If I resupply my LDAP creds, it works. I just went back to do something else and it reauthenticated me again, this time with the following errors:

[2019-05-31T14:47:18,763][ERROR][t.b.r.a.b.d.l.i.UnboundidLdapAuthorizationService] [elastic1-0.example.com] LDAP getting user operation failed.
tech.beshu.ror.acl.blocks.definitions.ldap.implementations.LdapUnexpectedResult: null
	at 
...
{snip}
...
	at java.lang.Thread.run(Thread.java:748) [?:1.8.0_212]
[2019-05-31T14:47:18,808][INFO ][t.b.r.a.l.AclLoggingDecorator] [elastic1-0.example.com] FORBIDDEN by default req={  ID:134819455-1691240364#221560180,  TYP:SearchRequest,  CGR:N/A,  USR:[user not logged],  BRS:false,  KDX:null,  ACT:indices:data/read/search,  OA:10.2.111.52/32,  XFF:null,  DA:10.2.111.45/32,  IDX:<N/A>,  MET:POST,  PTH:/.kibana/_search?size=10000&from=0&_source=index-pattern.title%2Cindex-pattern.type%2Cnamespace%2Ctype%2Ctitle%2Ctype&rest_total_hits_as_int=true,  CNT:<OMITTED, LENGTH=193.0 B> ,  HDR:Connection=keep-alive, Content-Length=193, Host=elastic1-0.example.com:9200, authorization=Basic OTUwIGJyb3VnaHQgdGhlIEEtYm9tYg==, content-type=application/json,  HIS:[local-admin->[auth_key_unix->false]], [local-logstash->[auth_key_unix->false]], [local-kibana->[auth_key_unix->false]], [local-puppet->[auth_key_unix->false]], [elastalert->[auth_key_unix->false]], [ldap-admin->[ldap_auth->false]], [ldap-all->[ldap_auth->false]], [localhost->[hosts->false]]  }

Couldn’t post all the stack traces because of limitations of the forum, so the full log output is available here: readonlyrest LDAP reauth errors · GitHub

Obviously I realize that this could be an issue with our LDAP servers, but other web UIs that use the exact same auth configuration (Icinga2 running Thruk as a frontend - the LDAP config for that is what was used for the RoR config) don’t encounter the same problem. Is this a timeout issue on the LDAP auth config? What has me concerned is it seems like it’s happening more frequently as time passes since I first observed it a week or so ago.

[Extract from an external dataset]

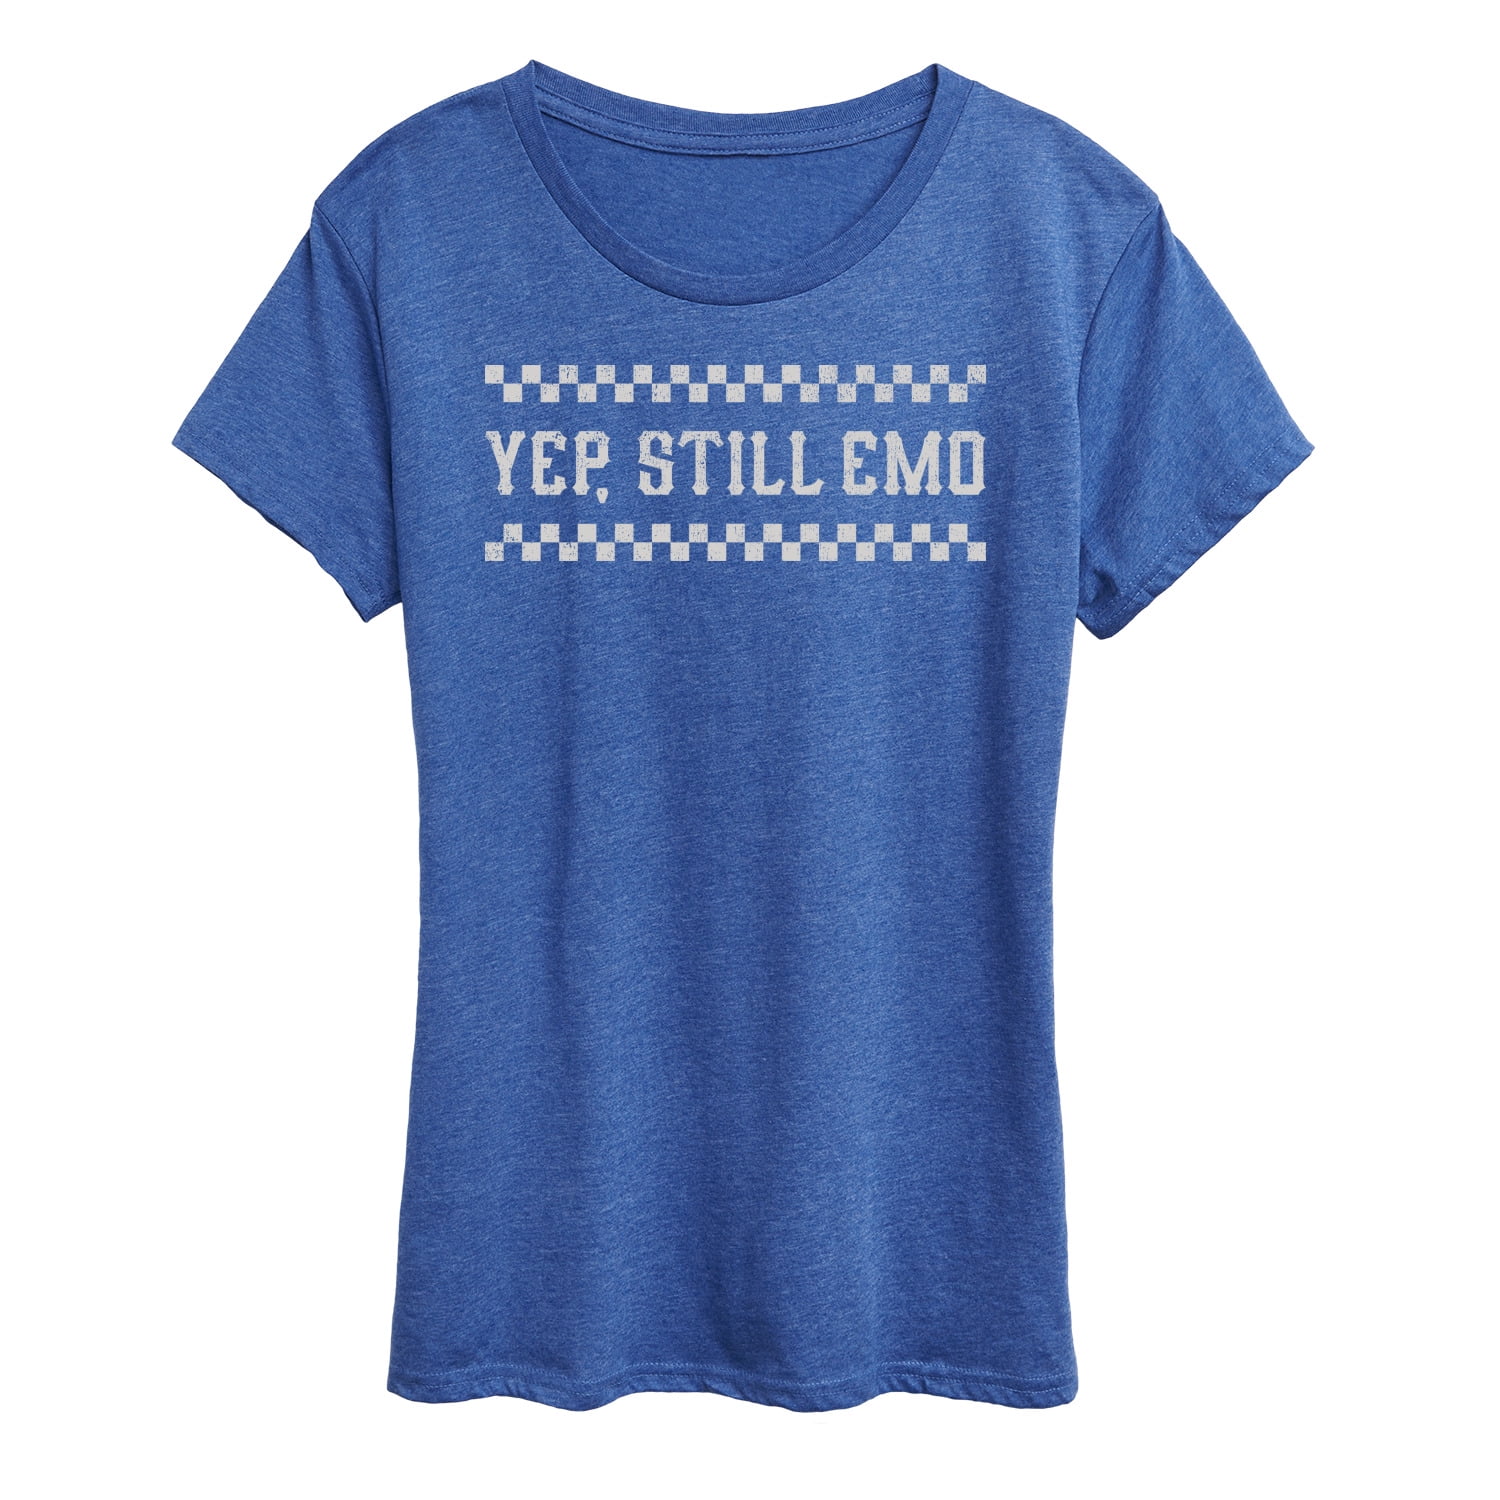 Instant Message - Yep Still Emo - Women's Short Sleeve Graphic T-Shirt ...

Here’s my ROR config yaml from the puppet ERB template, so the key config bits haven’t been swapped in inside the <%= ... %> code. This config hasn’t been modified for about a month since I got ti working reliably.

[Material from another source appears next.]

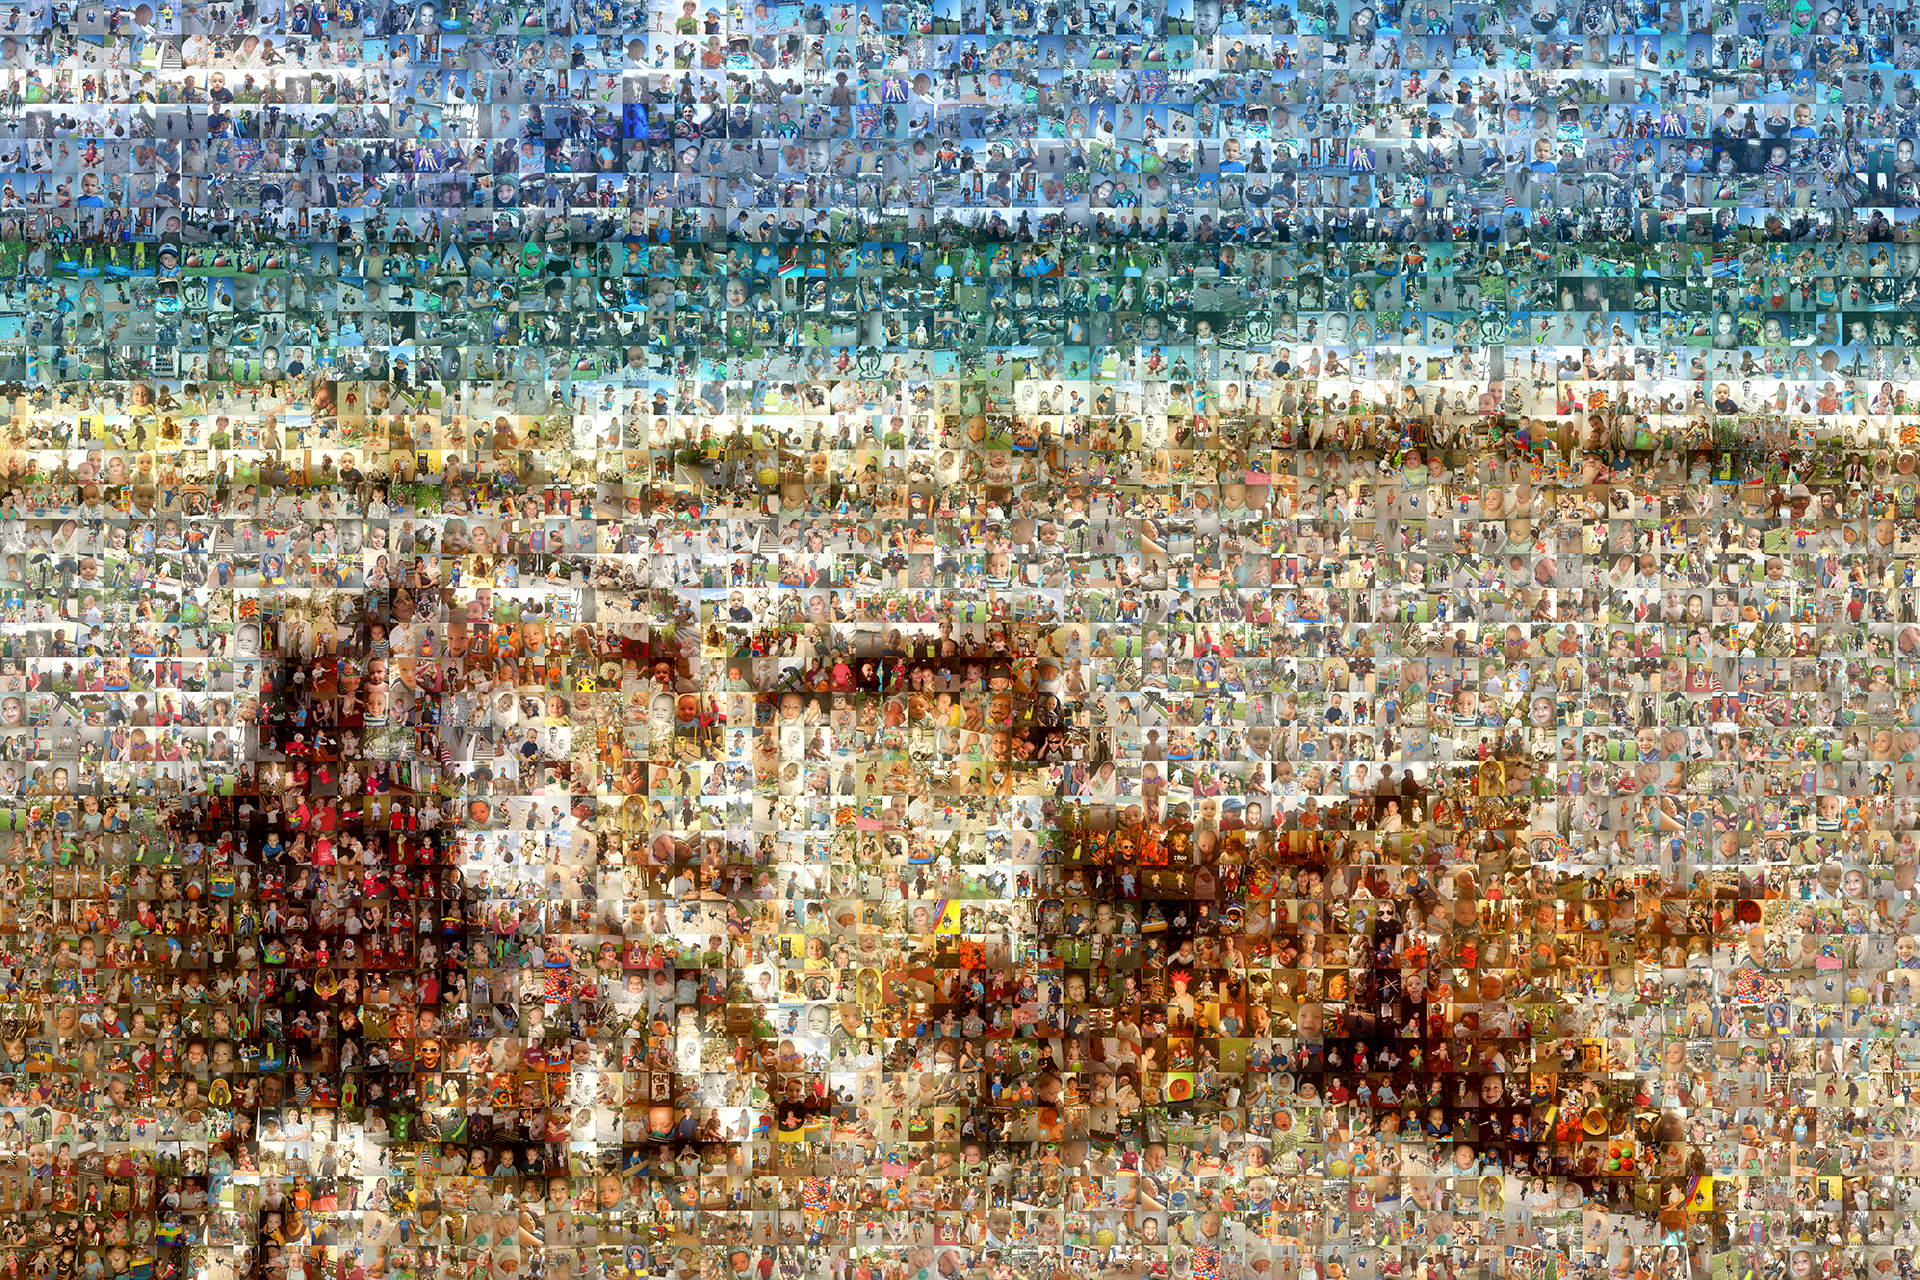 photo mosaic created using 1486 family photos

# yamllint disable rule:line-length
# THIS FILE IS PROVISIONED BY PUPPET
# However, once it gets loaded into the .readonlyrest index,
#  you might need to use an admin account to log into Kibana
#  and choose "Load default" from the "ReadonlyREST" tab.
# Alternately, you can use the "update-ror" script in ~cheerschap/bin/
readonlyrest:
  enable: true
  response_if_req_forbidden: Forbidden by ReadonlyREST plugin
  ssl:
    enable: true
    keystore_file: "elasticsearch.jks"
    keystore_pass: "<%= @es_key_pass %>"
    key_pass: "<%= @es_key_pass %>"
  access_control_rules:
    # LOCAL: Kibana admin account
    - name: "local-admin"
      auth_key_unix: "admin:<%= @admin_hash %>"
      kibana_access: admin
    # LOCAL: Logstash servers inbound access
    - name: "local-logstash"
      auth_key_unix: "logstash:<%= @logstash_hash %>"
      # Local accounts for routine access should have less verbisity
      #  to keep the amount of logfile noise down
      verbosity: error
    # LOCAL: Kibana server
    - name: "local-kibana"
      auth_key_unix: "kibana:<%= @kibana_hash %>"
      verbosity: error
    # LOCAL: Puppet communication
    - name: "local-puppet"
      auth_key_unix: "puppet:<%= @puppet_hash %>"
      verbosity: error
    # LOCAL: Elastalert
    - name: "elastalert"
      auth_key_unix: "elastalert:<%= @elastalert_hash %>"
      verbosity: error
    # LDAP: kibana-admin group
    - name: "ldap-admin"
      kibana_access: admin
      ldap_auth:
        name: "ldap1"
        groups: ["kibana-admin"]
      type: allow
    # LDAP for everyone else
    - name: "ldap-all"
      # possibly include: "kibana:dev_tools",
      kibana_hide_apps: ["readonlyrest_kbn", "timelion", "kibana:management", "apm", "infra:home", "infra:logs"]
      ldap_auth:
        name: "ldap1"
        groups: ["kibana-admin", "admins", "prod-admins", "devqa", "development", "ipausers"]
      type: allow
    # Allow localhost
    - name: "localhost"
      hosts: [127.0.0.1]
  # Define the LDAP connection
  ldaps:
    - name: ldap1
      host: "<%= @ipa_server %>"
      port: 636
      bind_dn: "<%= @bind_dn %>"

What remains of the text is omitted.